▶ **What the task requires**
Beginning with the line that holds "new years clock", set down each line of the data below through the very last, exactly as given, and nothing beyond that.

▶ **Saved data entries**
Segment Open

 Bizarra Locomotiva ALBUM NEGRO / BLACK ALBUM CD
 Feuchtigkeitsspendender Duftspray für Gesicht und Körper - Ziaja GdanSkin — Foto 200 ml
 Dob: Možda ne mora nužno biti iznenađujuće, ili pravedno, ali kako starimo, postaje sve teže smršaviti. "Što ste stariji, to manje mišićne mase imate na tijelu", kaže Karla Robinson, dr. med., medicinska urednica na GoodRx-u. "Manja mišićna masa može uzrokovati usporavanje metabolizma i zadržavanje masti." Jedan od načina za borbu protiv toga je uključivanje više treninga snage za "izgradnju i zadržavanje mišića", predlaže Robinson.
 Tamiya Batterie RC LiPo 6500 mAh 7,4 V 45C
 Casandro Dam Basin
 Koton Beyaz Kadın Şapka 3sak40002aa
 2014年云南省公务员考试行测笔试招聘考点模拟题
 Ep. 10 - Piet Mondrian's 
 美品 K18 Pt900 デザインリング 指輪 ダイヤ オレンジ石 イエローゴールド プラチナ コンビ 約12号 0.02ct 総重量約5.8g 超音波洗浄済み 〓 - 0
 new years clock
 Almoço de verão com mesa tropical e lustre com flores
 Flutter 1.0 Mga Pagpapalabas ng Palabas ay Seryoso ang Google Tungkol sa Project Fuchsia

Segment Closed

▶ **Exercise output**
 new years clock
 Almoço de verão com mesa tropical e lustre com flores
 Flutter 1.0 Mga Pagpapalabas ng Palabas ay Seryoso ang Google Tungkol sa Project Fuchsia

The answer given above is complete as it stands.